I ran the above script:

``````
ml4@ub100:~/ml4/public/class05tf \$ ~/anaconda3/bin/python demo13.py
I calculate W to be: [ 0.13923767]
I calculate b to be: [ 0.29939163]
yhat is 0.139238 * x_data +0.299392
/home/ml4/anaconda3/lib/python3.5/site-packages/matplotlib/font_manager.py:273:
UserWarning: Matplotlib is building the font cache using fc-list. This may take a moment.
warnings.warn('Matplotlib is building the font cache using fc-list. This may take a moment.')
/home/ml4/anaconda3/lib/python3.5/site-packages/matplotlib/font_manager.py:273:
UserWarning: Matplotlib is building the font cache using fc-list. This may take a moment.
warnings.warn('Matplotlib is building the font cache using fc-list.
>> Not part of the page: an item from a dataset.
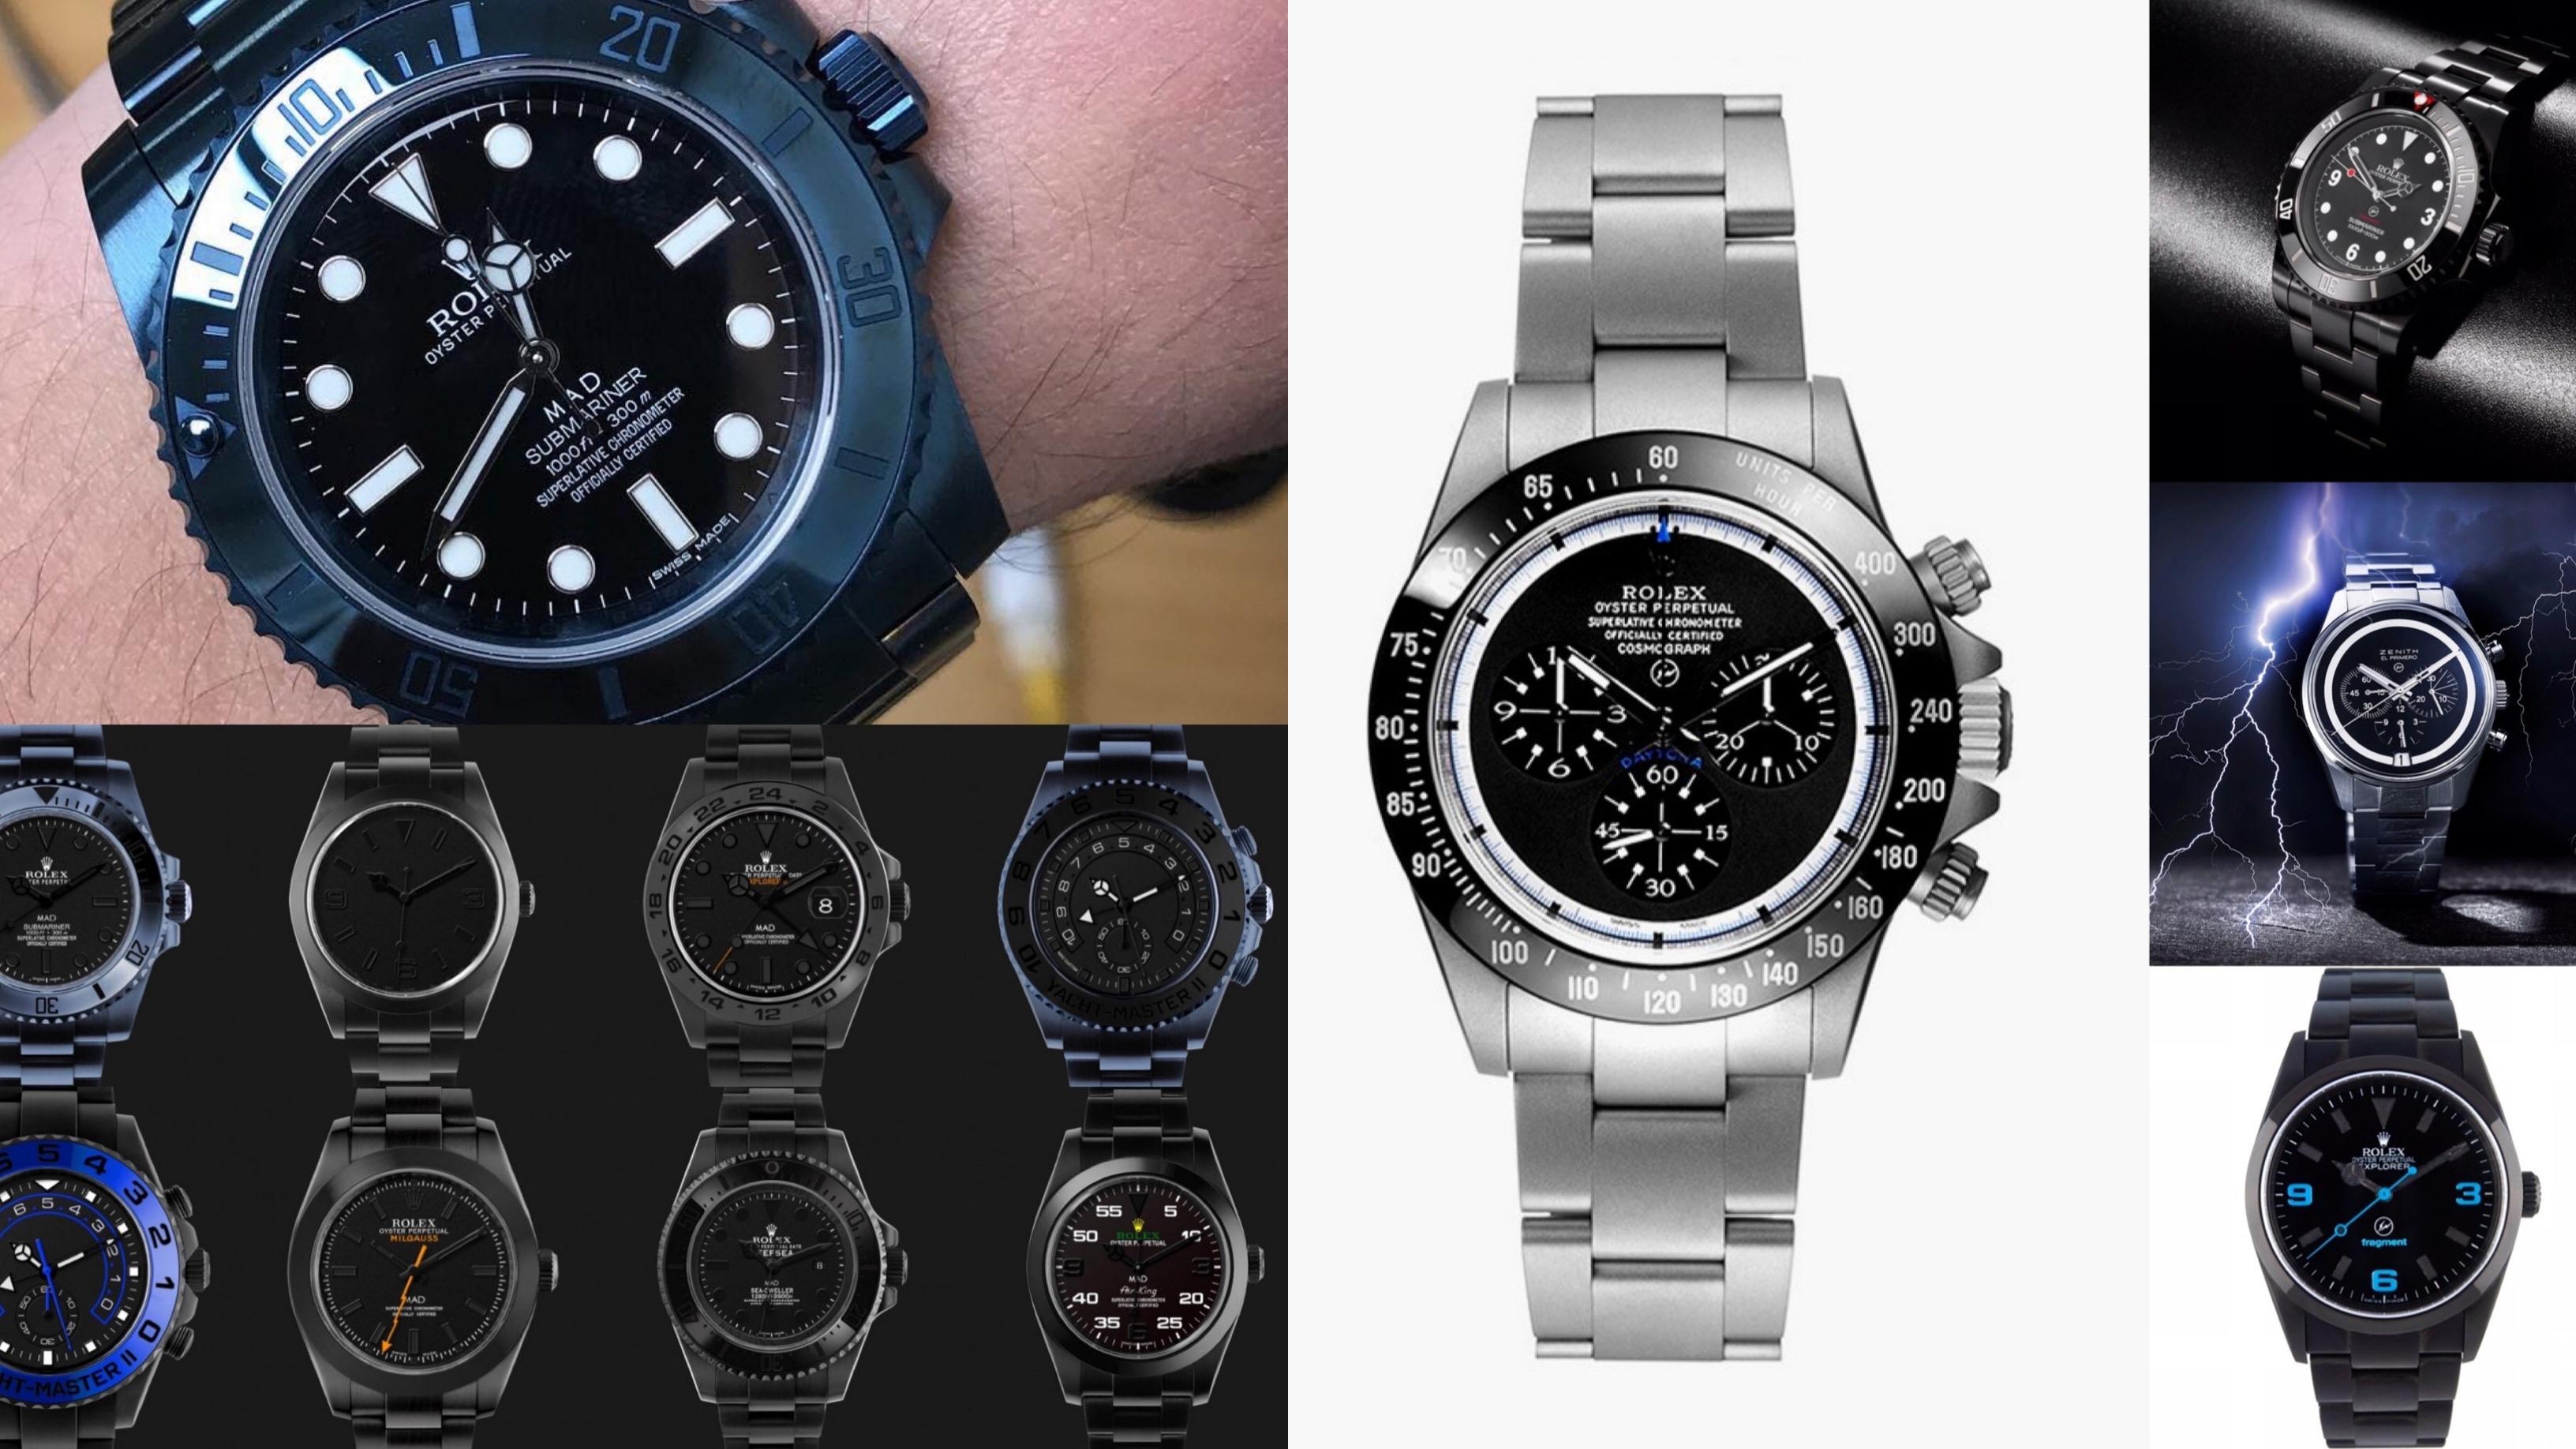 【Feature】【#Holyselector Vol.014 定製改腕錶品牌崛起 不再只是勞力無止境】 – HOLYCRAZE

This may take a moment.')
ml4@ub100:~/ml4/public/class05tf \$
ml4@ub100:~/ml4/public/class05tf \$
ml4@ub100:~/ml4/public/class05tf \$

``````

The above script built some visualizations of behavior of optimizer.minimize(loss):     Q: What is 'loss'?

A: I see 'loss' as loss of information.

The above green line contains information about the blue dots in the scatter plot.

When I move the green line away from the dots, the line loses its predictive power.

Or to describe it differently, the line loses information.

When I move the line back into the dots, so that it fits the dots as best possible, then the loss of information is at a minimum.

To say it more concisely, "A fitted line gives minimum loss".